Get group id back into pandas dataframe
Question:
For dataframe
In [2]: df = pd.DataFrame({'Name': ['foo', 'bar'] * 3,
...: 'Rank': np.random.randint(0,3,6),
...: 'Val': np.random.rand(6)})
...: df
Out[2]:
Name Rank Val
0 foo 0 0.299397
1 bar 0 0.909228
2 foo 0 0.517700
3 bar 0 0.929863
4 foo 1 0.209324
5 bar 2 0.381515
I’m interested in grouping by Name and Rank and possibly getting aggregate values
In [3]: group = df.groupby(['Name', 'Rank'])

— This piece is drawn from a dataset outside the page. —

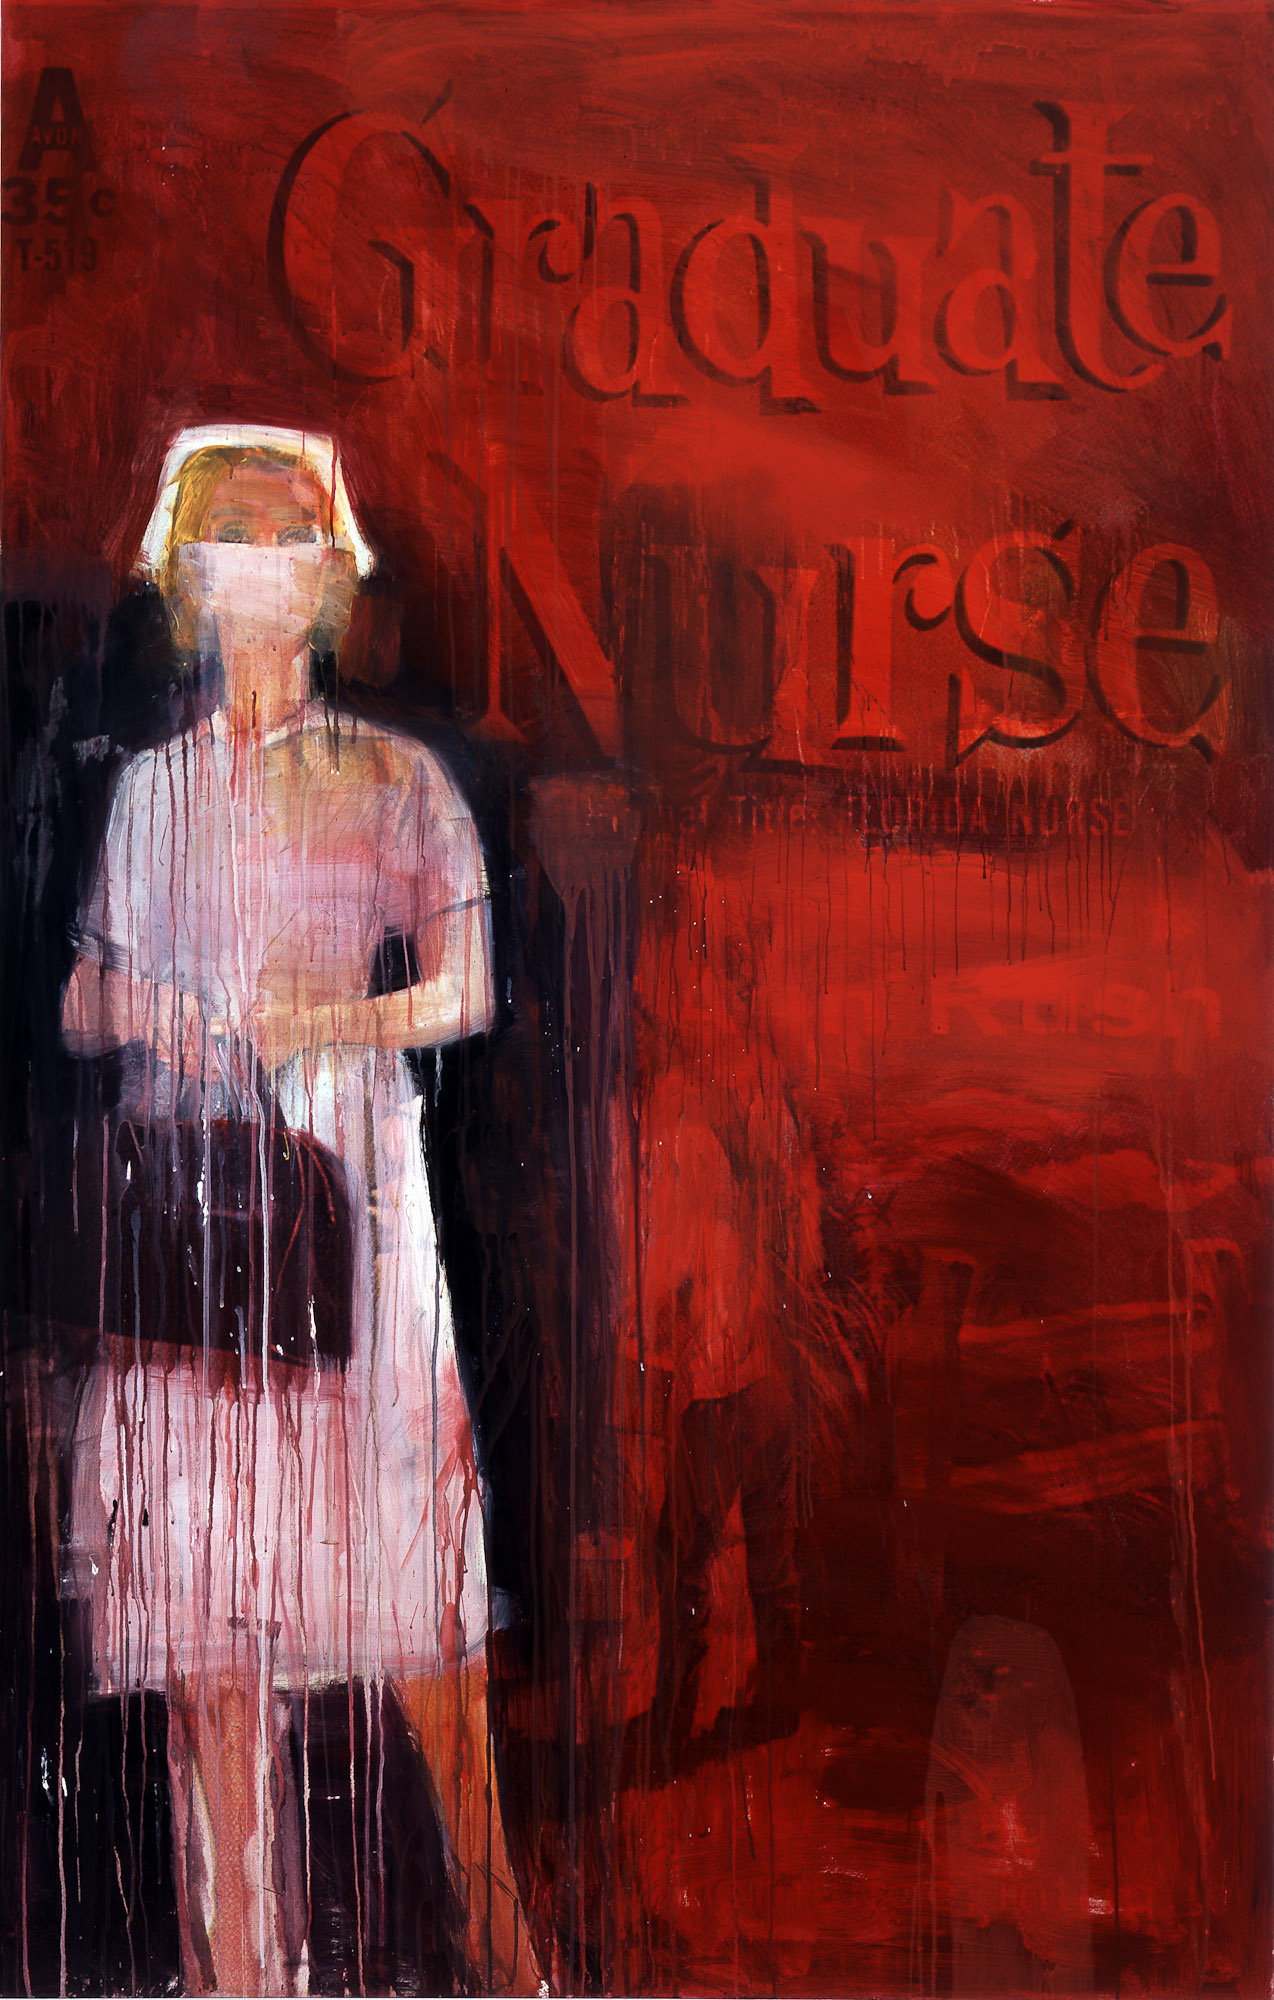 Richard Prince: Nurse Paintings - - Exhibitions - Skarstedt Gallery

In [4]: agg = group.agg(sum)
In [5]: agg
Out[5]:
Val
Name Rank
bar 0 1.839091
2 0.381515
foo 0 0.817097
1 0.209324
But I would like to get a field in the original df
that contains the group number for that row, like
In [13]: df['Group_id'] = [2, 0, 2, 0, 3, 1]
In [14]: df
Out[14]:
Name Rank Val Group_id
0 foo 0 0.299397 2
1 bar 0 0.909228 0
2 foo 0 0.517700 2
3 bar 0 0.929863 0
4 foo 1 0.209324 3
5 bar 2 0.381515 1
Is there a good way to do this in pandas?
I can get it with python,
In [16]: from itertools import count
In [17]: c = count()
In [22]: group.transform(lambda x: c.next())
Out[22]:
Val
0 2
1 0
2 2
3 0
4 3
5 1
but it’s pretty slow on a large dataframe, so I figured there may be a better built in pandas way to do this.
Answers:
A lot of handy things are stored in the DataFrameGroupBy.grouper
object. For example:
>>> df = pd.DataFrame({'Name': ['foo', 'bar'] * 3,
'Rank': np.random.randint(0,3,6),
'Val': np.random.rand(6)})
>>> grouped = df.groupby(["Name", "Rank"])
>>> grouped.grouper.
grouped.grouper.agg_series grouped.grouper.indices
grouped.grouper.aggregate grouped.grouper.labels
grouped.grouper.apply grouped.grouper.levels
grouped.grouper.axis grouped.grouper.names
grouped.grouper.compressed grouped.grouper.ngroups
grouped.grouper.get_group_levels grouped.grouper.nkeys
grouped.grouper.get_iterator grouped.grouper.result_index
grouped.grouper.group_info grouped.grouper.shape
grouped.grouper.group_keys grouped.grouper.size
grouped.grouper.groupings grouped.grouper.sort
grouped.grouper.groups
and so:
>>> df["GroupId"] = df.groupby(["Name", "Rank"]).grouper.group_info[0]
>>> df
Name Rank Val GroupId
0 foo 0 0.302482 2
1 bar 0 0.375193 0
2 foo 2 0.965763 4
3 bar 2 0.166417 1
4 foo 1 0.495124 3
5 bar 2 0.728776 1
There may be a nicer alias for for grouper.group_info[0]
lurking around somewhere, but this should work, anyway.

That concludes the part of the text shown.